To perform image-to-image generation, you need to provide an original image along with a text prompt describing the desired modifications. The original image serves as the base, and the model will generate a new image based on the prompt.

import torch
from PIL import Image
from vision_agent_tools.models.flux1 import Flux1, Flux1Task

# You have an original image named "original_image.jpg" that you want to use for image-to-image generation
original_image = Image.open("path/to/your/original_image.jpg").convert("RGB")  # Original image

# Set a new prompt for image-to-image generation
image_to_image_prompt = "A sunny beach with palm trees"

# To perform image-to-image generation
flux1 = Flux1()

generated_image = flux_model(
    task=Flux1Task.IMAGE_TO_IMAGE,  # Image-to-Image Generation Task
    prompt=image_to_image_prompt,
    image=original_image,
    config=config
)

generated_image.save("generated_beach.png")

Flux1 #

Bases: BaseMLModel

Tool for object detection using the pre-trained Flux1 model. This tool takes a prompt as input and generates an image using the Flux1 model.

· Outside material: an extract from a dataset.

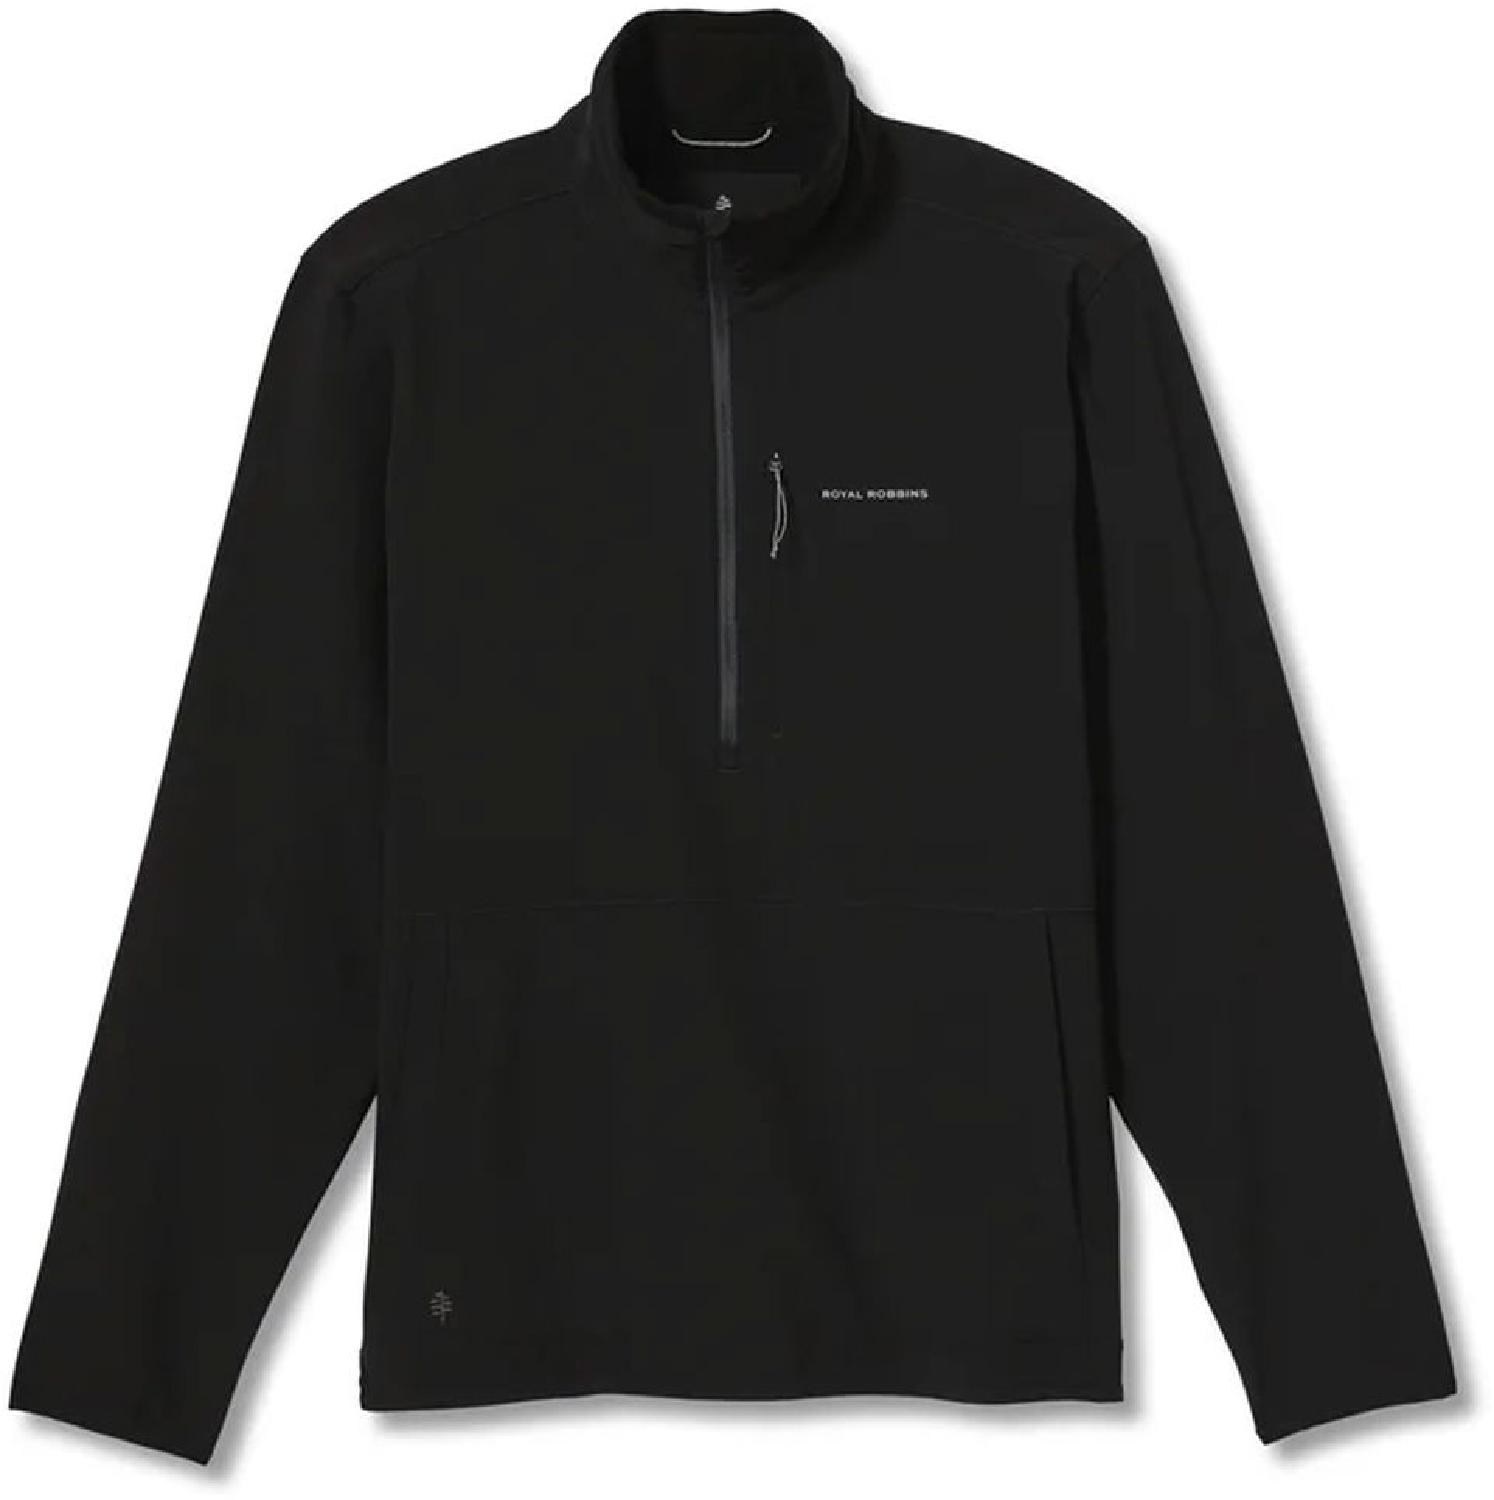 Флисовый пуловер VentureLayer с молнией четверть, мужской Royal Robbins, черный

__call__(prompt=Field(max_length=512), task=Flux1Task.IMAGE_GENERATION, config=Flux1Config(), image=None, mask_image=None) #

Performs object detection on an image using the Flux1 model.

Parameters:

Name Type Description Default
- prompt (str

The text prompt describing the desired modifications.

required
- task (Flux1Task

The task to perform using the model: - image generation - "generation", - mask inpainting - "inpainting", - image-to-image generation - "img2img".

required
- config (Flux1Config
  • height (int, optional): The height in pixels of the generated image. This is set to 512 by default.
  • width (int, optional): The width in pixels of the generated image. This is set to 512 by default.
  • num_inference_steps (int, optional, defaults to 28):
  • guidance_scale (float, optional, defaults to 3.5): Guidance scale as defined in Classifier-Free Diffusion Guidance. Higher guidance scale encourages to generate images that are closely linked to the text prompt, usually at the expense of lower image quality.
  • num_images_per_prompt (int, optional, defaults to 1): The number of images to generate per prompt.
  • max_sequence_length (int defaults to 512): Maximum sequence length to use with the prompt. to make generation deterministic.
  • seed (int, optional): The seed to use for the random number generator. If not provided, a random seed is used.
  • strength (float, optional, defaults to 0.6): Indicates extent to transform the reference image. Must be between 0 and 1. A value of 1 essentially ignores image.
required
- image (Image.Image

The original image to be modified.

required
- mask_image (Image.Image

The mask image indicating areas to be inpainted.

required

Returns:

Type Description
List[Image] | None

List[Image.Image]: The list of generated image(s) if successful; None if an error occurred.

__init__(hf_model='black-forest-labs/FLUX.1-schnell', dtype=torch.bfloat16, enable_sequential_cpu_offload=True) #

Initializes the Flux1 image generation tool. Loads the pre-trained Flux1 model from HuggingFace and sets model configurations.

Parameters:

Name Type Description Default
- task (Flux1Task

The task to perform using the model: either image generation ("generation") or mask inpainting ("inpainting").

required
- model_config

The configuration for the model, hf_model, and device.

required
- dtype (torch.dtype

The data type to use for the model.

required
- enable_sequential_cpu_offload (bool

Whether to enable sequential CPU offload.

required

Flux1Config #

Bases: BaseModel

Configuration for the Flux1 model.